DOI: https://doi.org/10.57187/SMW.2023.40046
complementarity-determining region 3
peripheral blood mononuclear cells
principal component analysis
polymerase chain reaction
T cell receptor
T cell receptor repertoire sequencing
T cell receptor alpha
T cell receptor beta
It is the immense diversity in T-cell receptors (TCRs) that allows T cells to recognise a plethora of different antigens [1]. This diversity is generated during somatic rearrangements of various V, D and J genes during a process called V(D)J recombination and is further increased by addition or deletion of random nucleotides at the recombinational junctions [2]. The totality of an individual’s T cell receptors is referred to as the TCR repertoire.
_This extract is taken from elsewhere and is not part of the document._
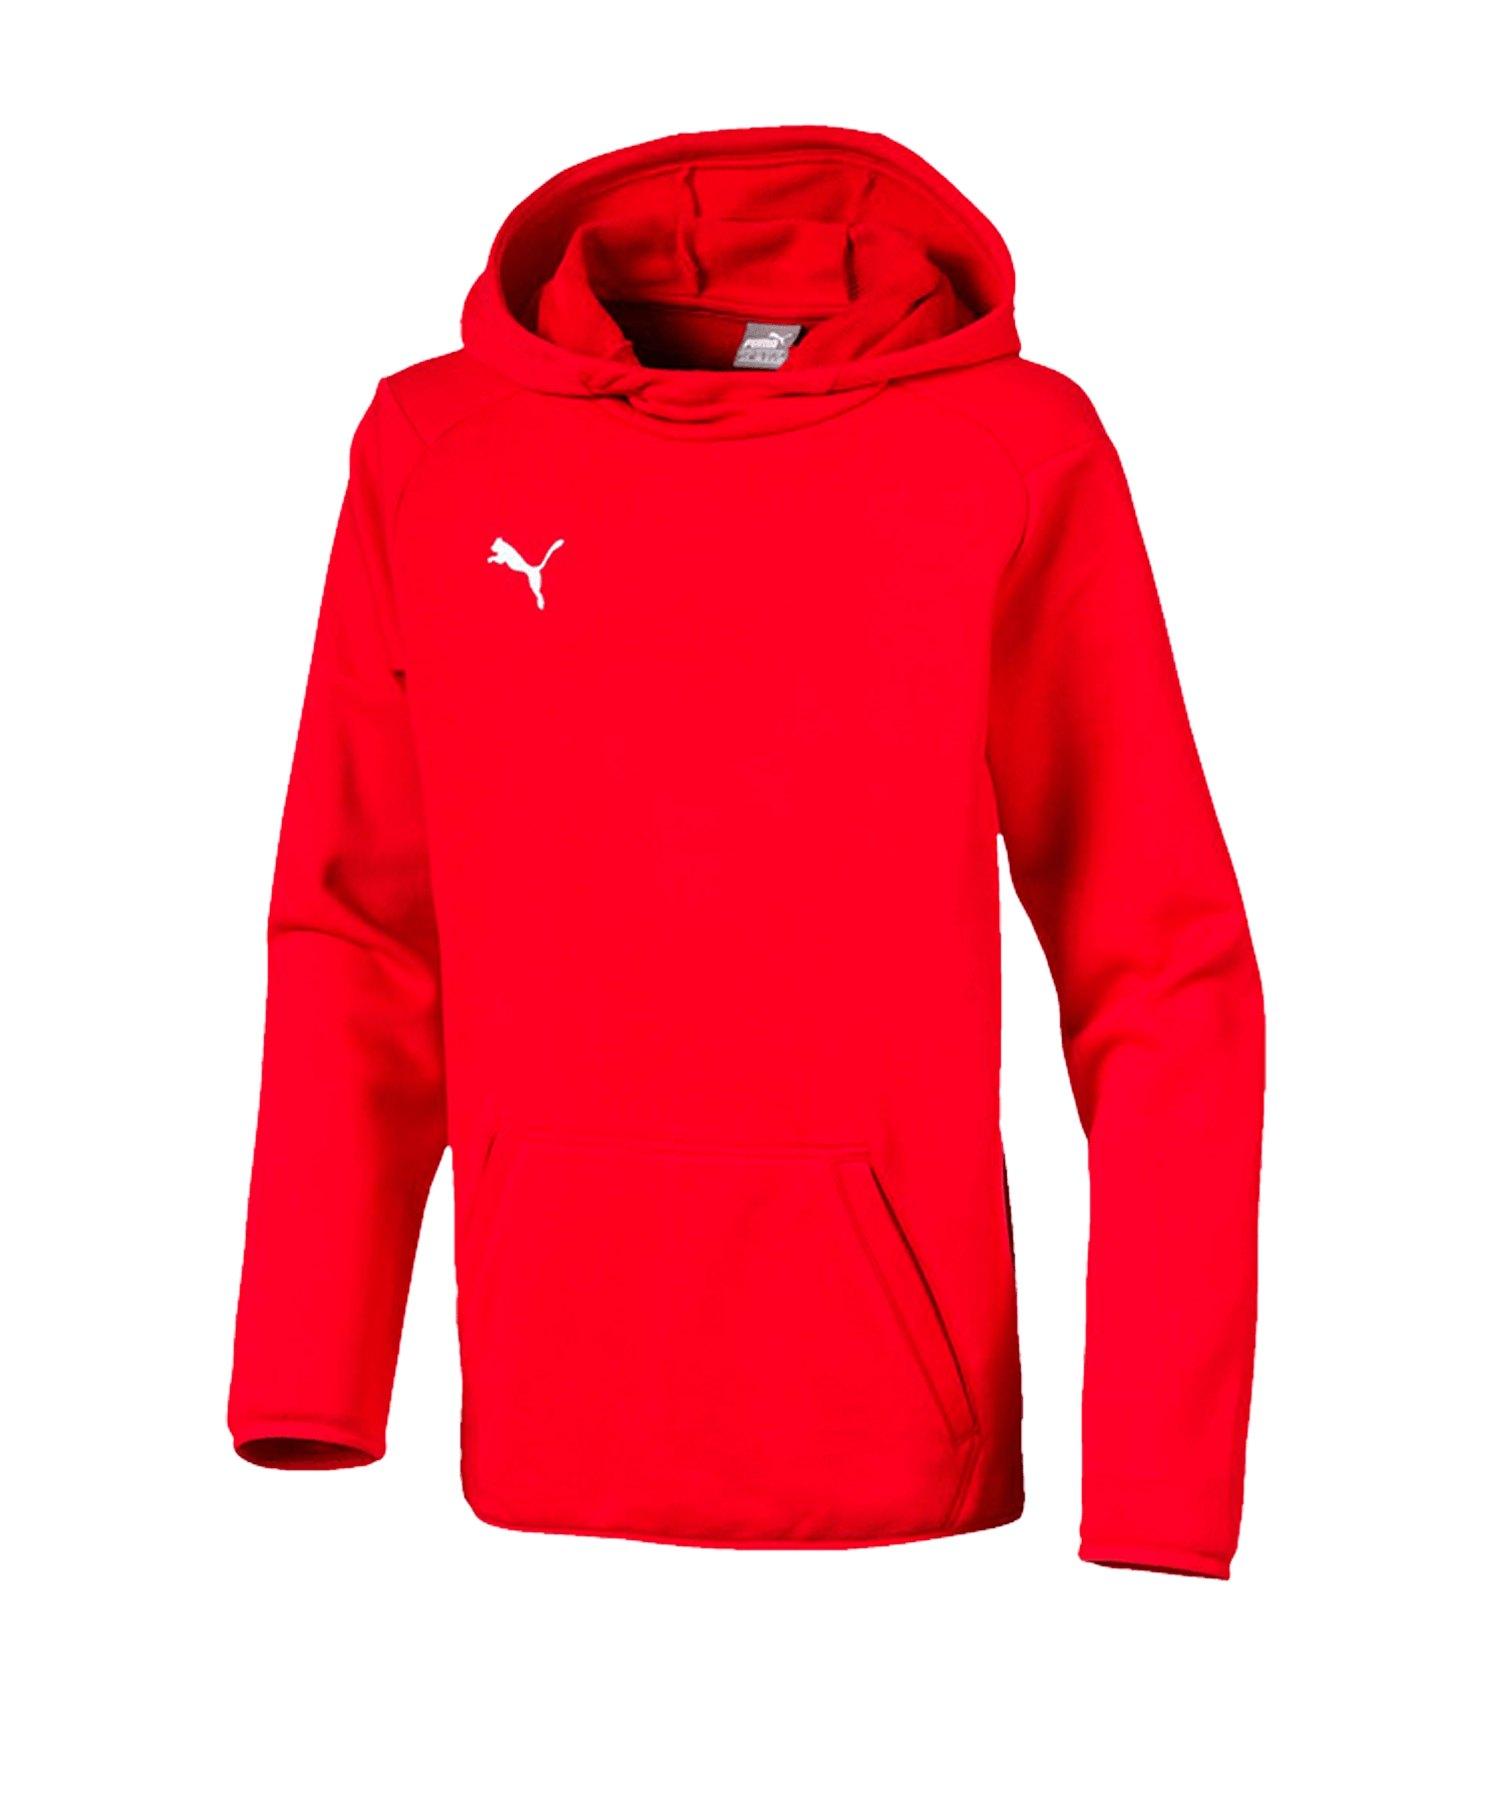 PUMA LIGA Casuals Kapuzensweatshirt Kids Rot F01 - rot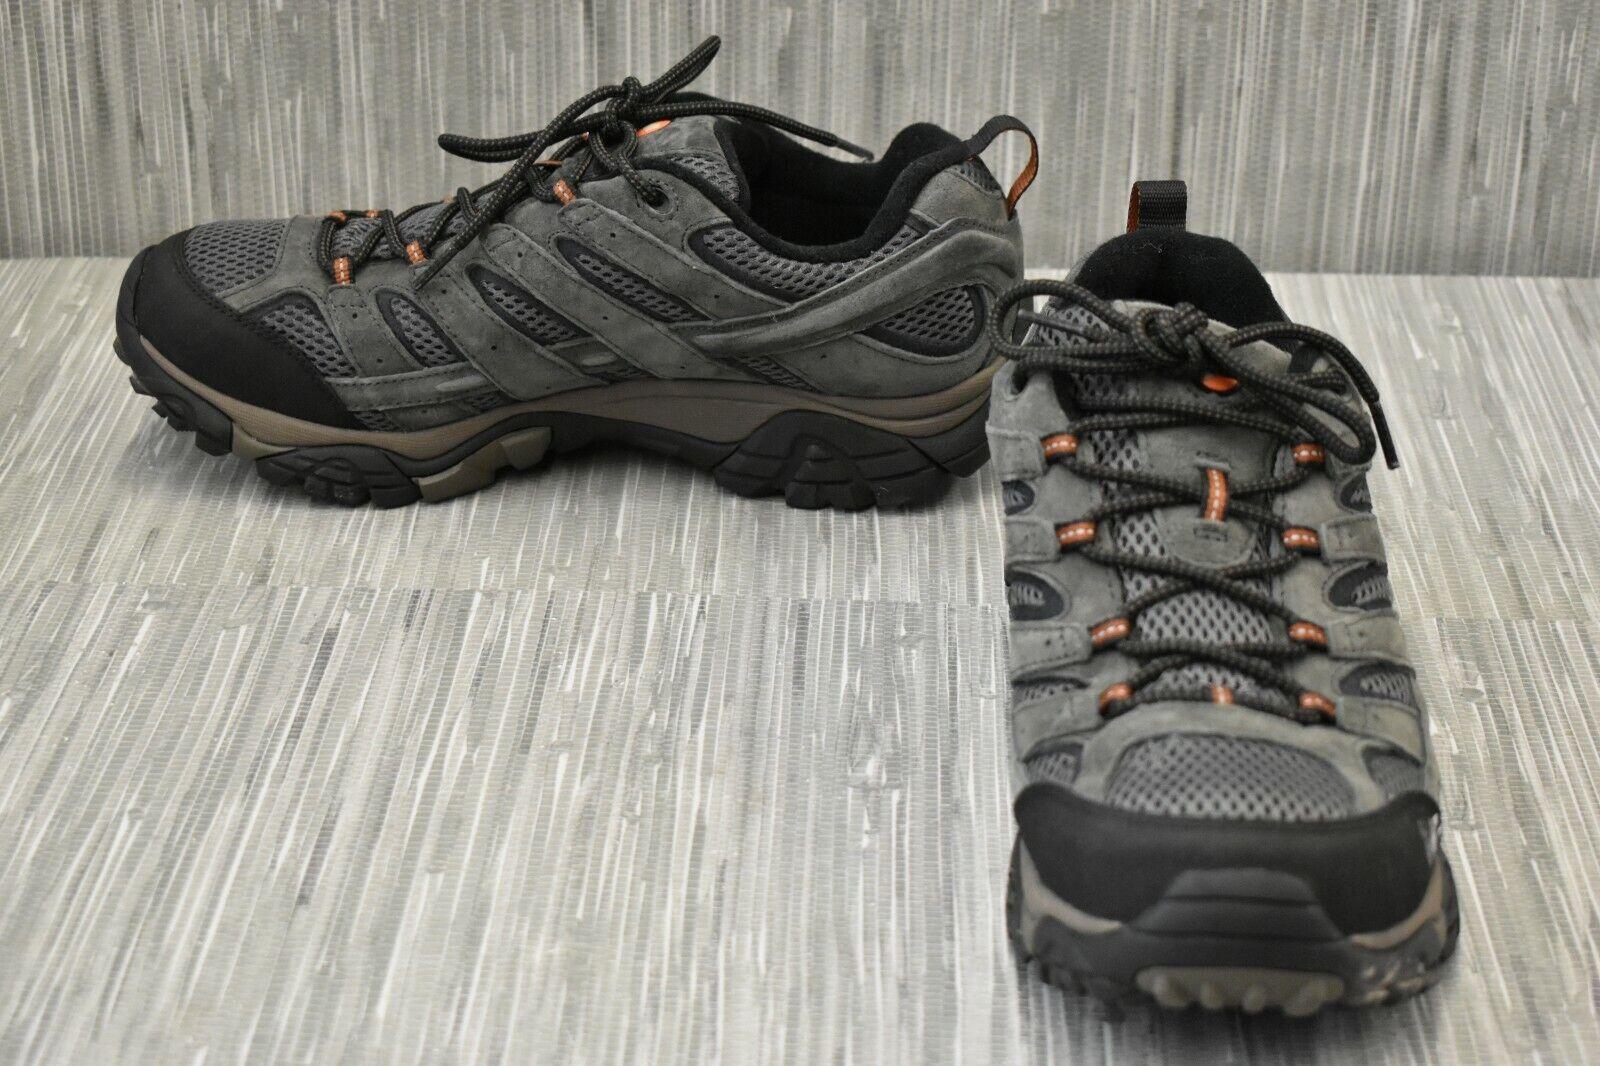 Merrell Moab 2 Waterproof J06029 Hiking Shoes, Men's Size 11

As this can be a highly dynamic reflection of an individual’s immune status and history, in recent years TCR repertoire analysis by high-throughput sequencing has become a valuable tool in assessing the immune system in health and disease. Methodological advancements, optimisation of sequence library preparation protocols and development of powerful bioinformatic analysis tools have led to an increasing number of seminal studies relying on technologies dissecting the molecular composition of circulating B and T cells. Especially in a clinical context, TCRseq has been used to study immune responses during infection [3], autoimmune disease [4] and cancer [5], and other studies have analysed the effects of interventions such as vaccination [6] or immunotherapy [7]. Recognising the enormous potential of TCRseq methods, several commercial solutions are now available that allow faster and easier implementation in a clinical setting (benchmarked in [8]). Different commercial solutions use individual preparation protocols, each with certain advantages and limitations, making it crucial to choose a suitable protocol for any given research question. Additional difficulties can arise in the clinical research setting due to heterogeneous sample quantity and quality or diverging sample pre-processing when using rare or biobanked patient material. When sampling cannot be performed systematically, for example in particularly vulnerable patients or in a setup without a central sampling strategy, uniform sample quantity can become unachievable. Varying input material has a major impact on T cell receptor repertoire characteristics, particularly on repertoire diversity measures [8].
We have implemented a TCRseq protocol based on the commercially available Takara SMARTer Human TCR a/b Profiling Kit (v2) and describe efforts to deal with unbalanced sample material. We included peripheral blood samples of three healthy controls and four patients with confirmed GATA2 deficiency. GATA2 deficiency is a rare inborn error of immunity caused by monoallelic mutations in GATA2 and is characterised by immunodeficiency with susceptibility to infection, risk of myelodysplasia, and lymphatic or vascular complications [9, 10]. Numbers of circulating monocytes, natural killer cells, dendritic cells and B cells are profoundly reduced in GATA2 deficiency, whereas total T cell numbers are not significantly affected [11]. Within the T cell compartment of GATA2 patients, there is an increasingly cytotoxic phenotype, leading to an inverted CD4:CD8 ratio, and a shift from naïve to terminal effector CD8 cells [12]. Whether these changes are reflected in the T cell receptor repertoires has not been studied yet.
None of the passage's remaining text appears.